The head of Colonial Pipeline told US senators on Tuesday that hackers who launched last month's cyberattack on the company and disrupted fuel supplies to the southeastern US were able to break into the system by stealing a single password.
Colonial Pipeline Chief Executive Joseph Blount told a US Senate committee that the attack took place using an outdated Virtual Private Network (VPN) system that lacked multi-factor authentication. That means that access can be gained via a password without a second step, such as a text message, a common security measure in more recent software.
“In the case of this particular legacy VPN, it only had single-factor authentication,” Blount said. “It was a complicated password, I want to be clear about that.
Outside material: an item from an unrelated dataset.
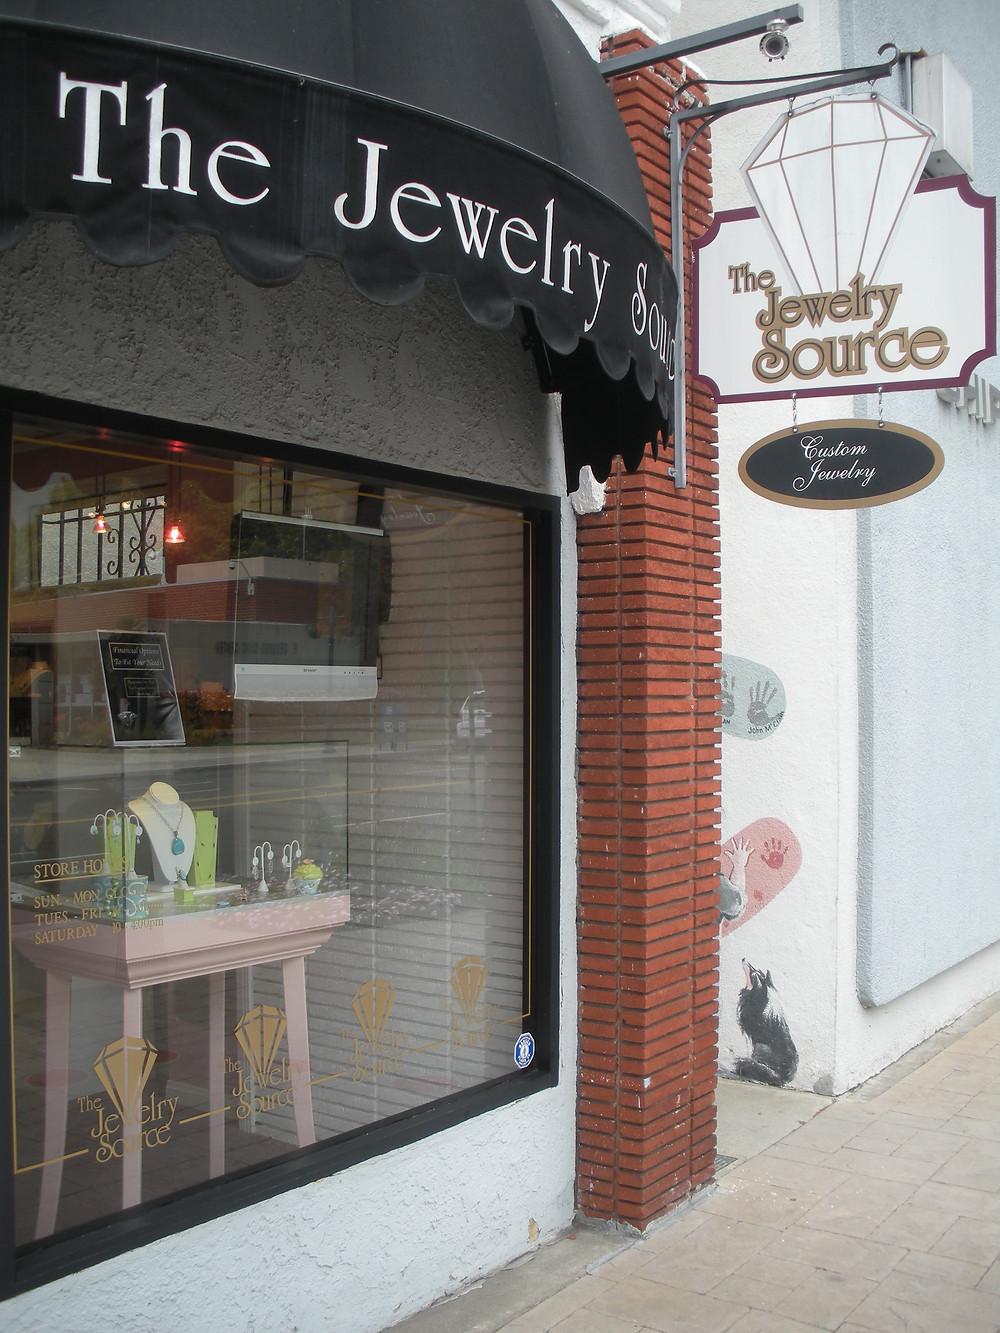 The Jewelry Source in El Segundo

It was not a Colonial123 password.'
The panel was convened to investigate threats to critical U.S. infrastructure and the colonial attack, which closed key fuel supply lines from the Gulf Coast refineries to major East Coast markets. Cyber attacks also hit US meat processing plants owned by JBS, demonstrating the breadth of infrastructure facing cyber threats.
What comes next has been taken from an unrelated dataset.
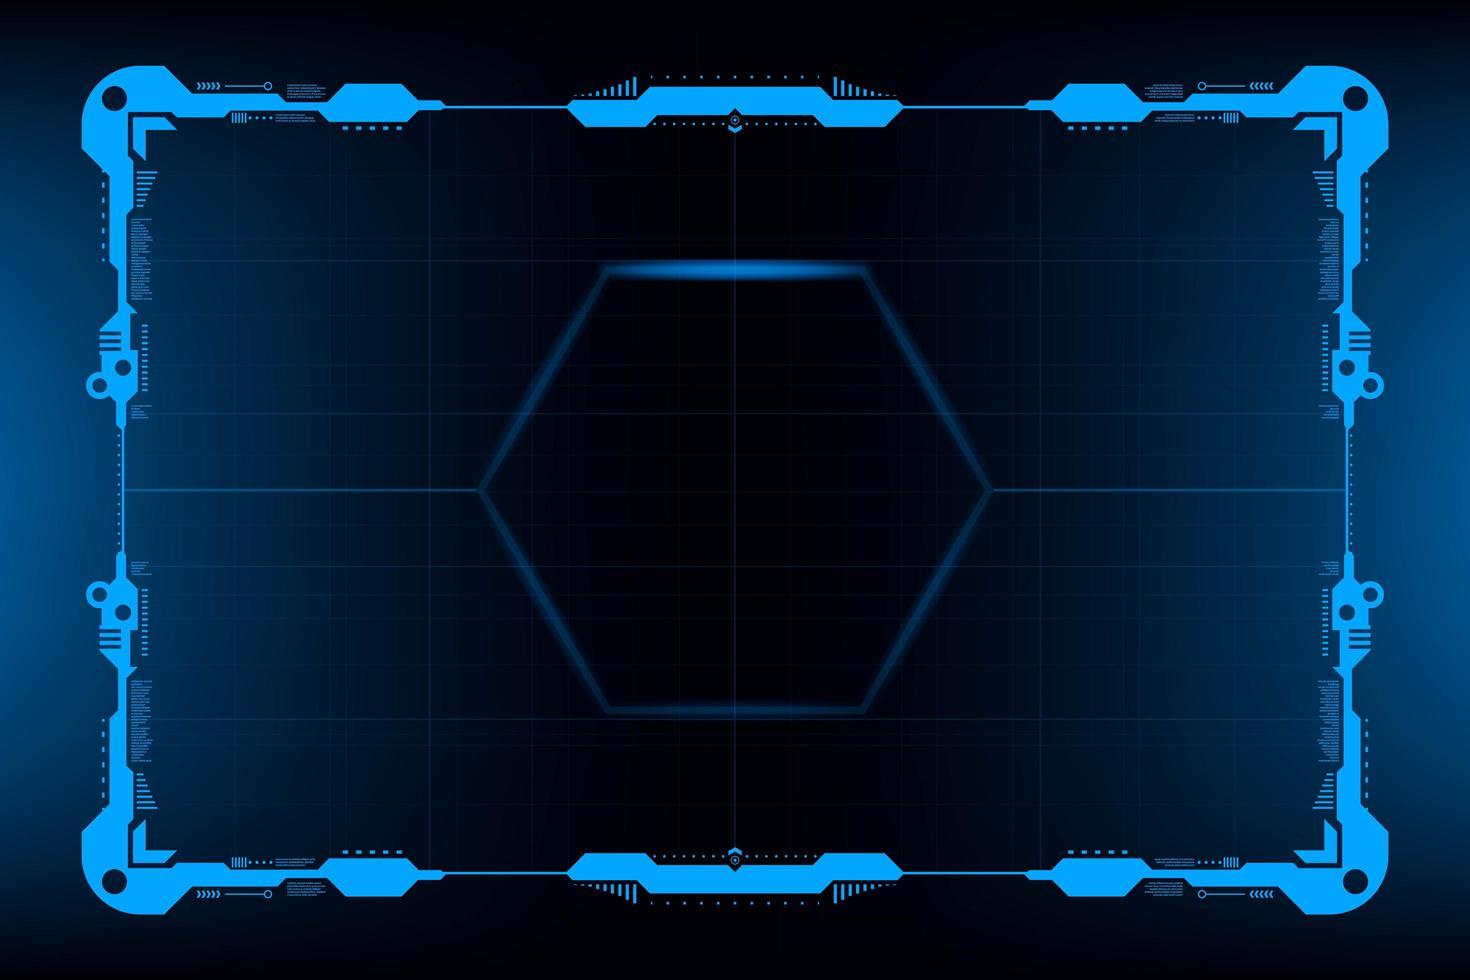 Painel HUD VR Interface do usuário vetor

The Colonial Pipeline hack showed that much of the company's infrastructure remains highly vulnerable, and the government and businesses need to work harder to prevent future hacks, senators said at the hearing.
Security experts call using a single-factor login system a sign of poor cybersecurity "hygiene." They recommend two-factor authentication, which requires a secondary measure such as a mobile text or hardware token, and most large companies require it for all internal applications.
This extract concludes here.